Arthur Ribeiro
Serra do Lago, 15 de Maio de 2006, 20:45.
Mas este era um dia diferente. Era perto da meia-noite, ela ainda estava no seu escritório minimalista, moderno, com largas janelas de vidro e poucos adereços, posicionada atrás do velho castelo de Gonçalo, onde ela podia ver o vasto bosque de eucaliptos ao fundo. Em sua sala, de paredes escuras iluminada em tons dourados por lâmpadas de paredes, ela acompanhava a movimentação na base em todos os níveis por várias câmeras e monitores. De 15 em 15 minutos, entrava em contato com Jean-Pierre Montreux, um homem negro, alto, forte, militarmente capacitado, e que por acaso era o líder dos sentinelas - sua guarda de elite - elegantemente trajando fardas brancas, e o haitiano dava o relatório do perímetro. Os guardiões - equipe secundária - que trajava fardas pretas - estavam nos arredores do colégio em carro a paisana. Três soldados, atentos, aguardavam pacientemente o desfecho do ataque dos karpovitas. Numa tela menor, Breen acompanhava o setor de contenção.
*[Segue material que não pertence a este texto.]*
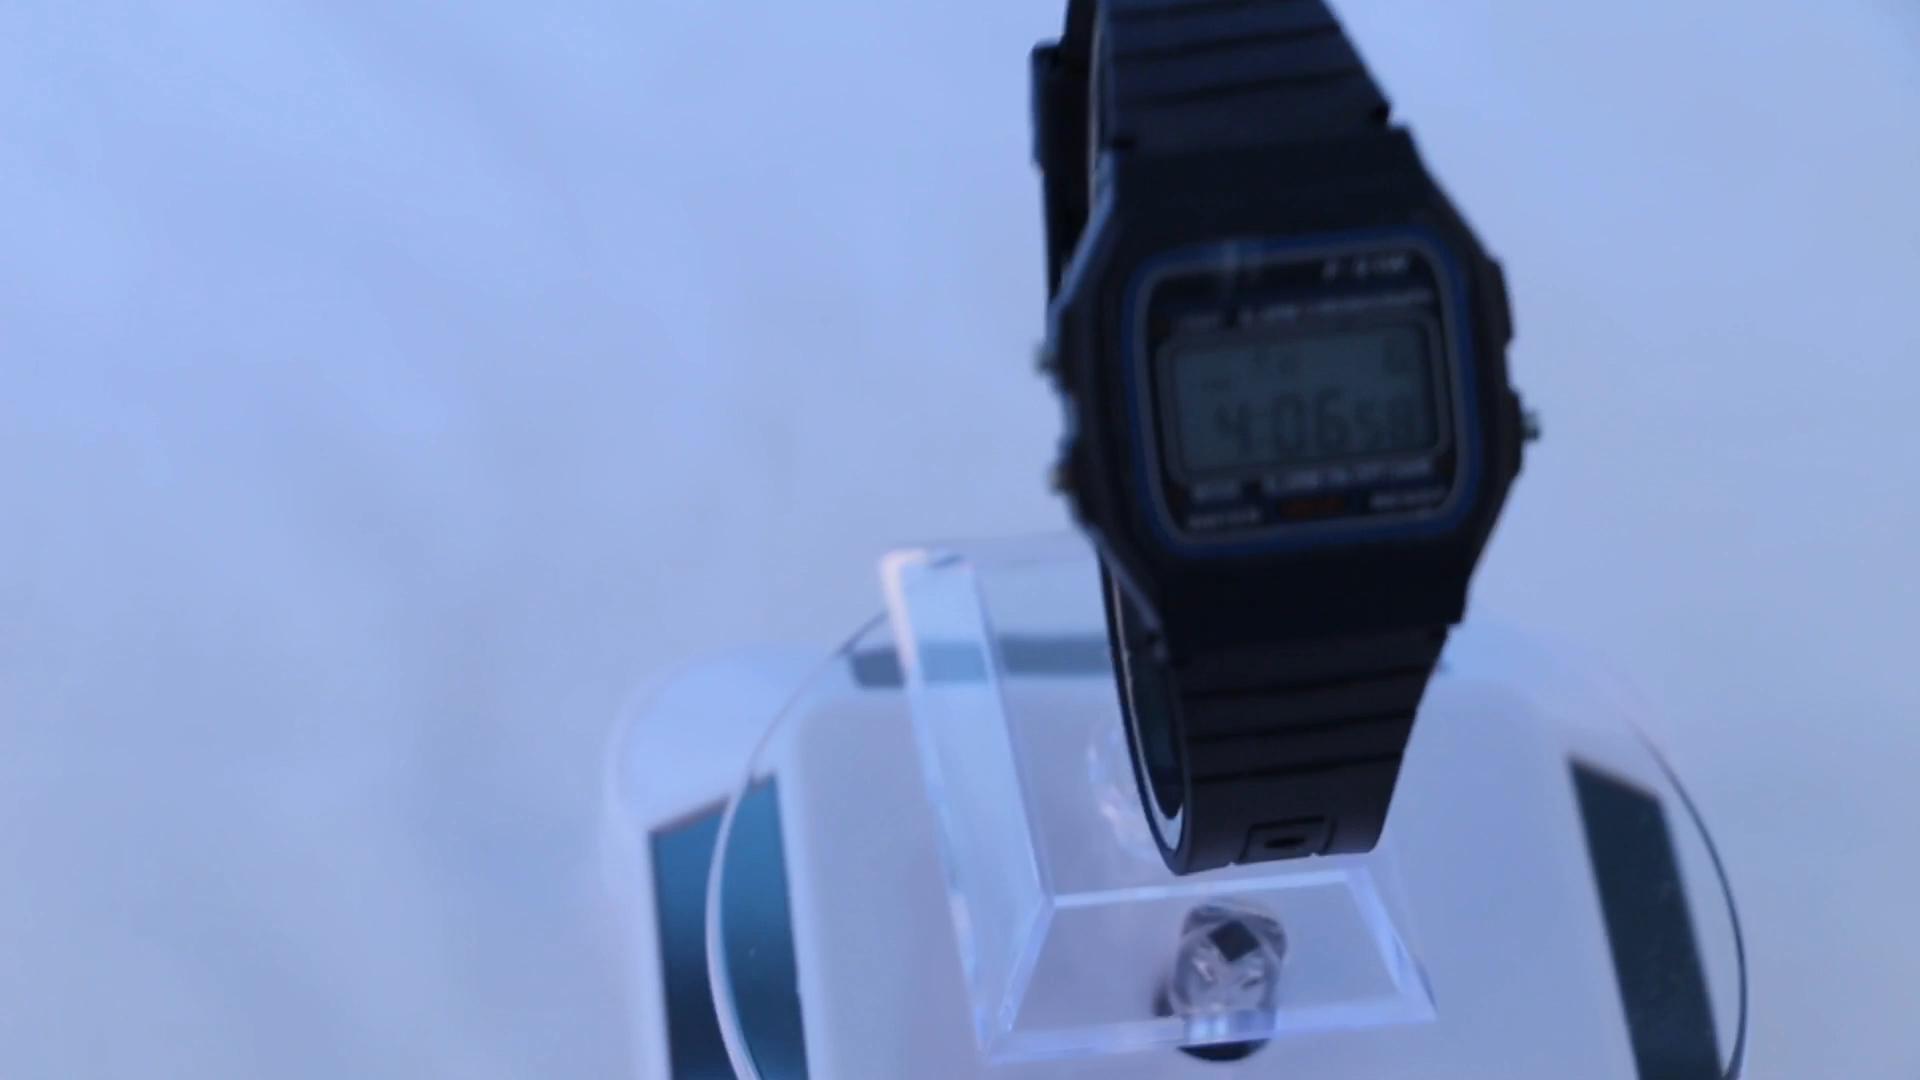 Relojes 子供はカジュアルクォーツスポーツ人気腕時計キッズデジタル腕時計

Era por volta de 20:45, quando no final das apresentações da Feira de Artes no Colégio, os guardiões deram sinalização de que uma horda karpovita havia nocauteado o vigia da guarita, aberto a cancela e arrombado o portão principal. Às 21h, os guardiões reportaram que havia um policial nas dependências da instituição de ensino, e às 21:05, reportaram a invasão do ginásio pelo telhado. Breen sorriu, seu plano estava funcionando. Às 21: 07, Breen ordenou a Montreux que destacasse três de seus homens para ir fazer uma visita a um radialista enxerido, David Monsalve, na rádio comunitária.
- Presidente! - Exclamou o comandante de infantaria dos guardiões, Moisés Bereshit - Ouvimos um disparo no recinto.
- Bereshit, mantenha posição. Mande o tenente Ibarra se aproximar, preciso de um relatório do que está acontecendo. - Ordenou a mulher.
No fundo do comunicador, o som das ordens gritadas se ouviu.
Mais quarenta segundos se passaram e Ibarra pessoalmente reportou-se à presidente.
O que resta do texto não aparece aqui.